## What the task requires
Only the lines below from the one that contains "Пингвин в снегу" through the one that contains "DI CREMONA, 1983)" should appear in your answer, exact and without pictures.

## Information given
*** Begin section ***
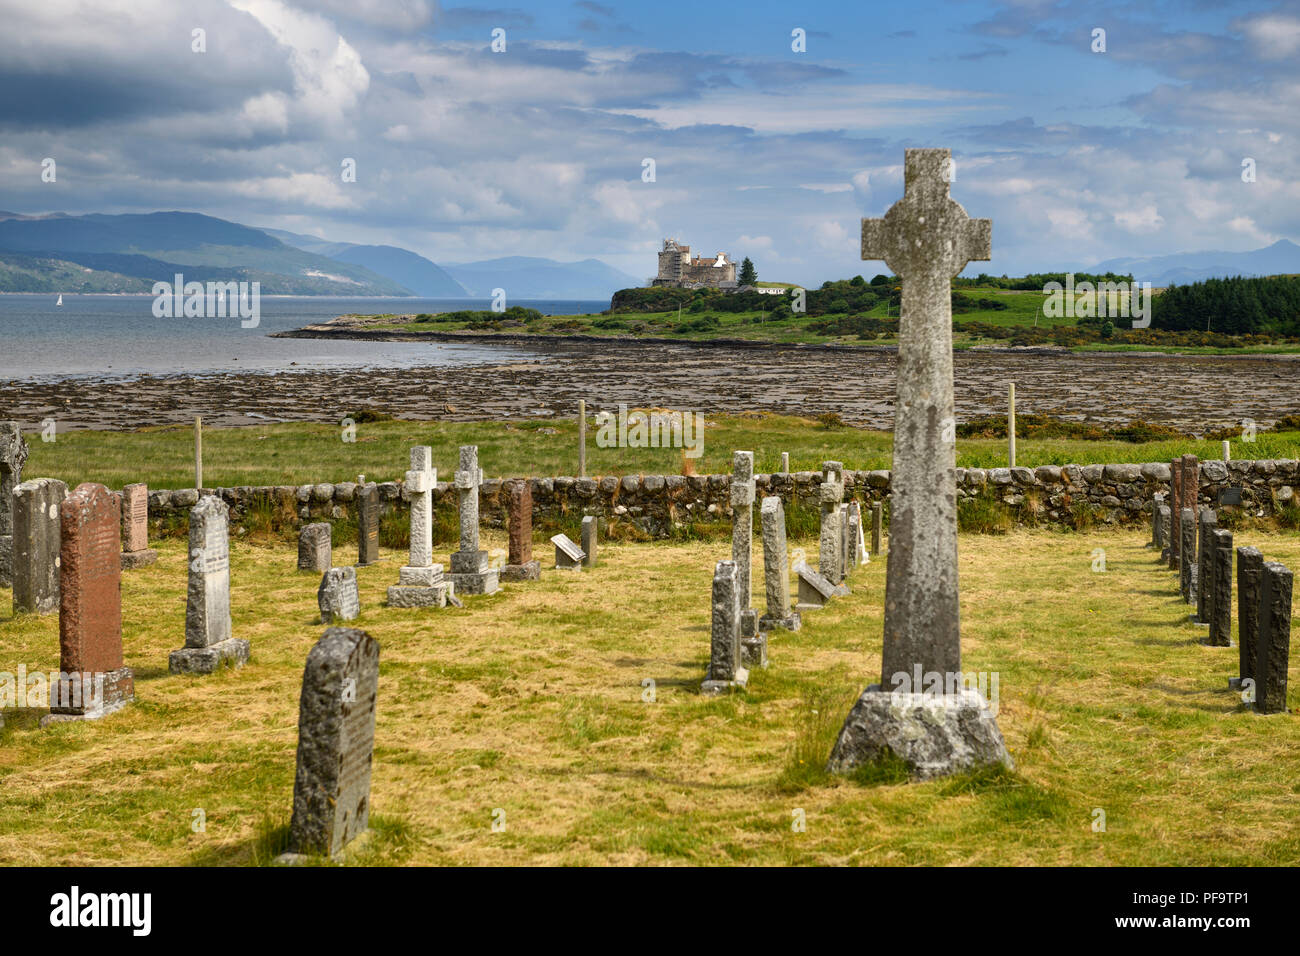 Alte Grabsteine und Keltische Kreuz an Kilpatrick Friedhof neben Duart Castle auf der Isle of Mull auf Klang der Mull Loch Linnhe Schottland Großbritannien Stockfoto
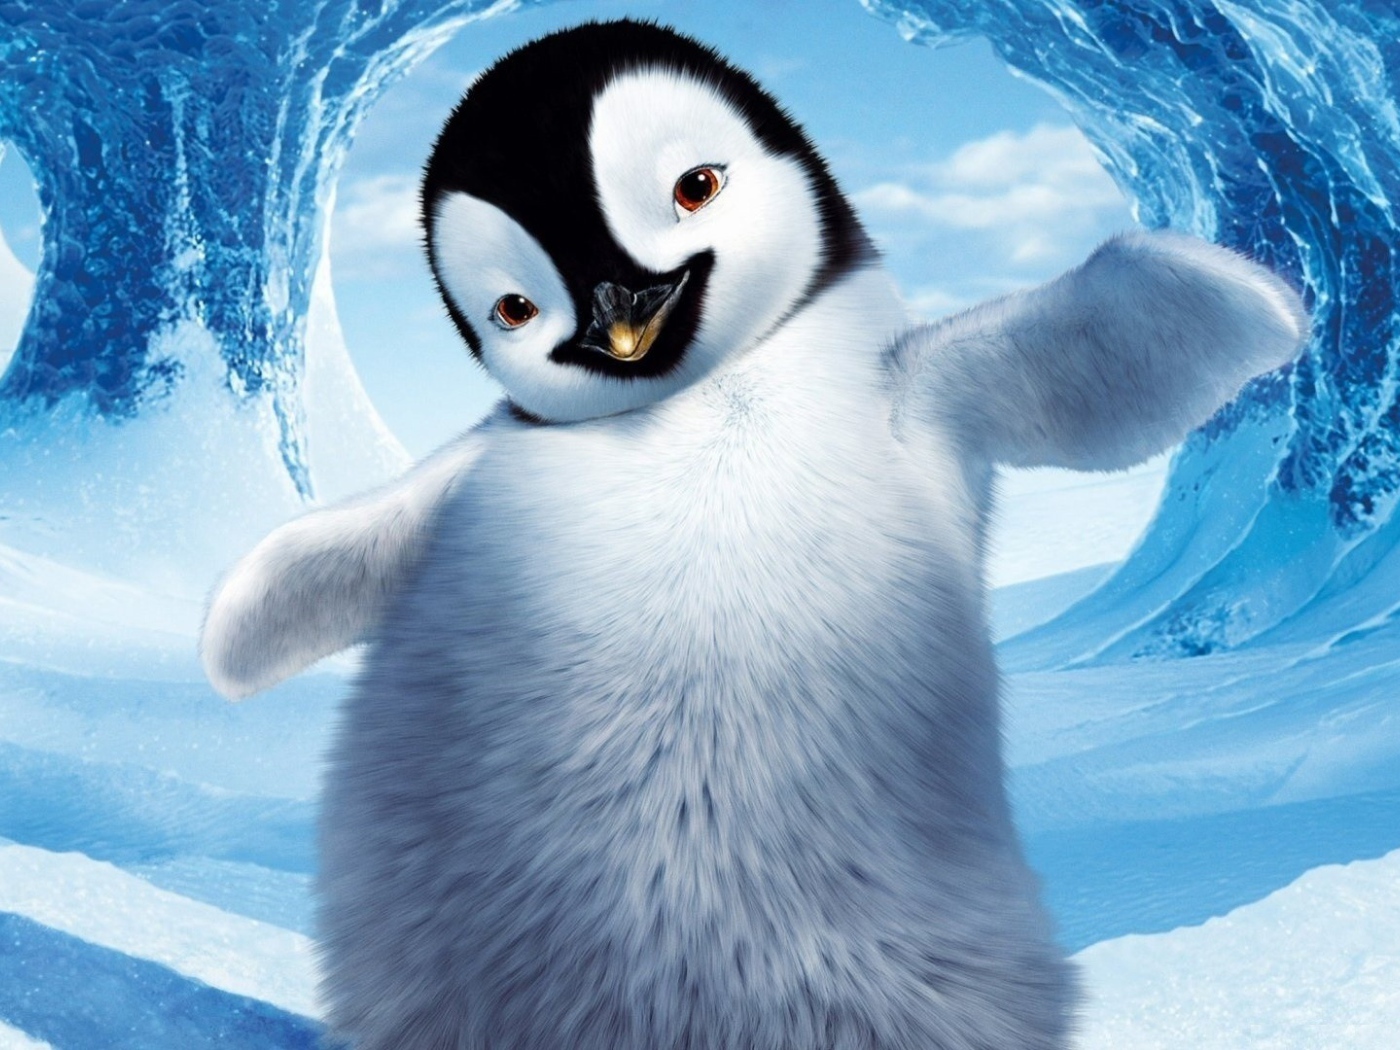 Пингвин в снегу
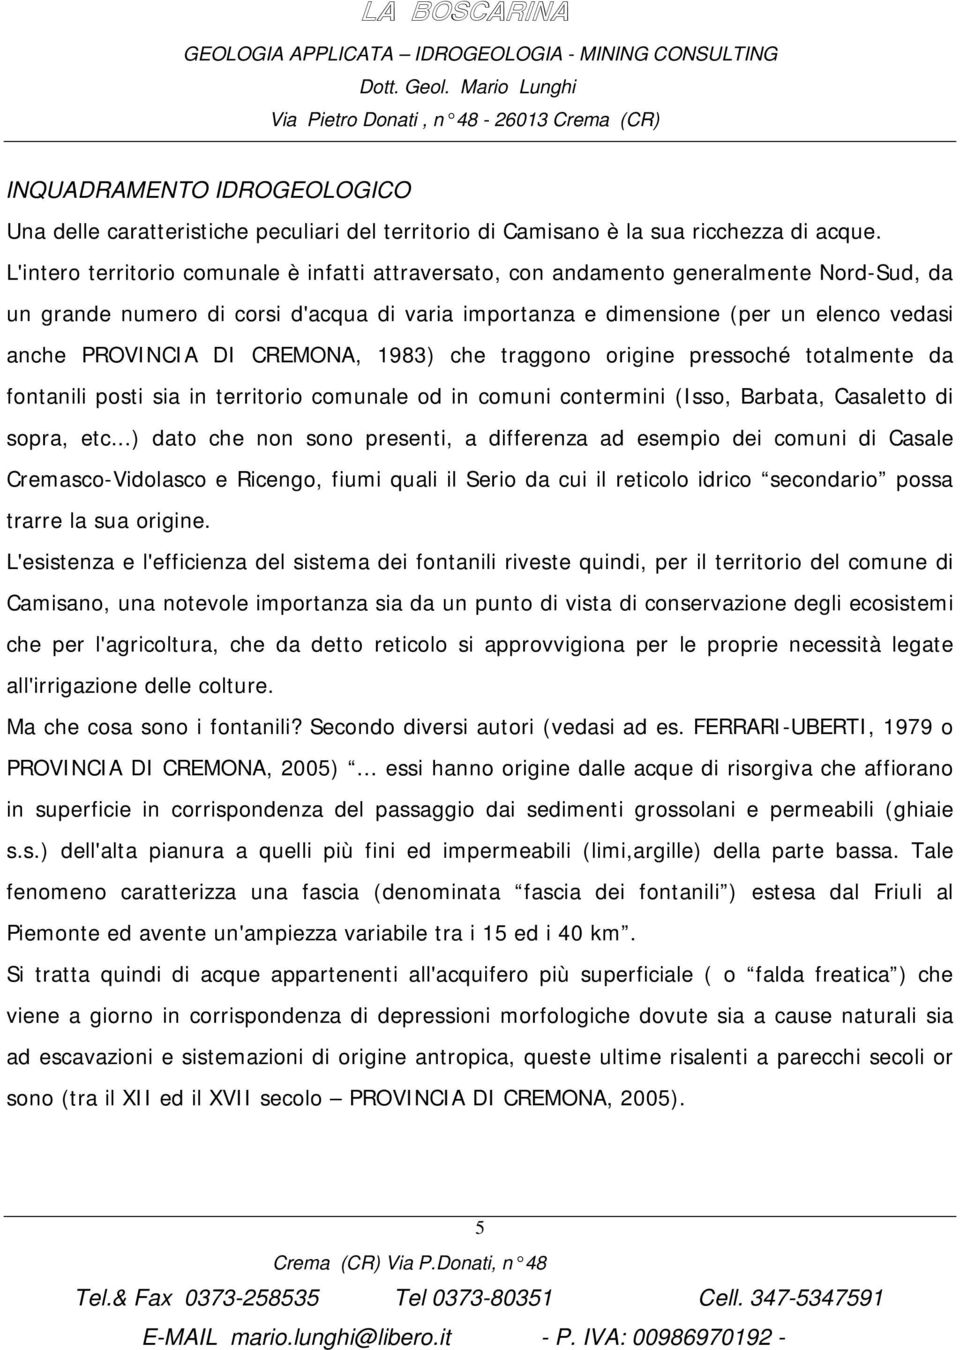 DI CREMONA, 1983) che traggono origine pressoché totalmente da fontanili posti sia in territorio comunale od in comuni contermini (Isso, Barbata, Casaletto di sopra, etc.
*** End section ***
*** Begin section ***
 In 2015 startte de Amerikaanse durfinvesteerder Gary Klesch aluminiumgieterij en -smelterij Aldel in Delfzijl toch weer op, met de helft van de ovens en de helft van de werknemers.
*** End section ***
## Response area
 Пингвин в снегу
 DI CREMONA, 1983) che traggono origine pressoché totalmente da fontanili posti sia in territorio comunale od in comuni contermini (Isso, Barbata, Casaletto di sopra, etc.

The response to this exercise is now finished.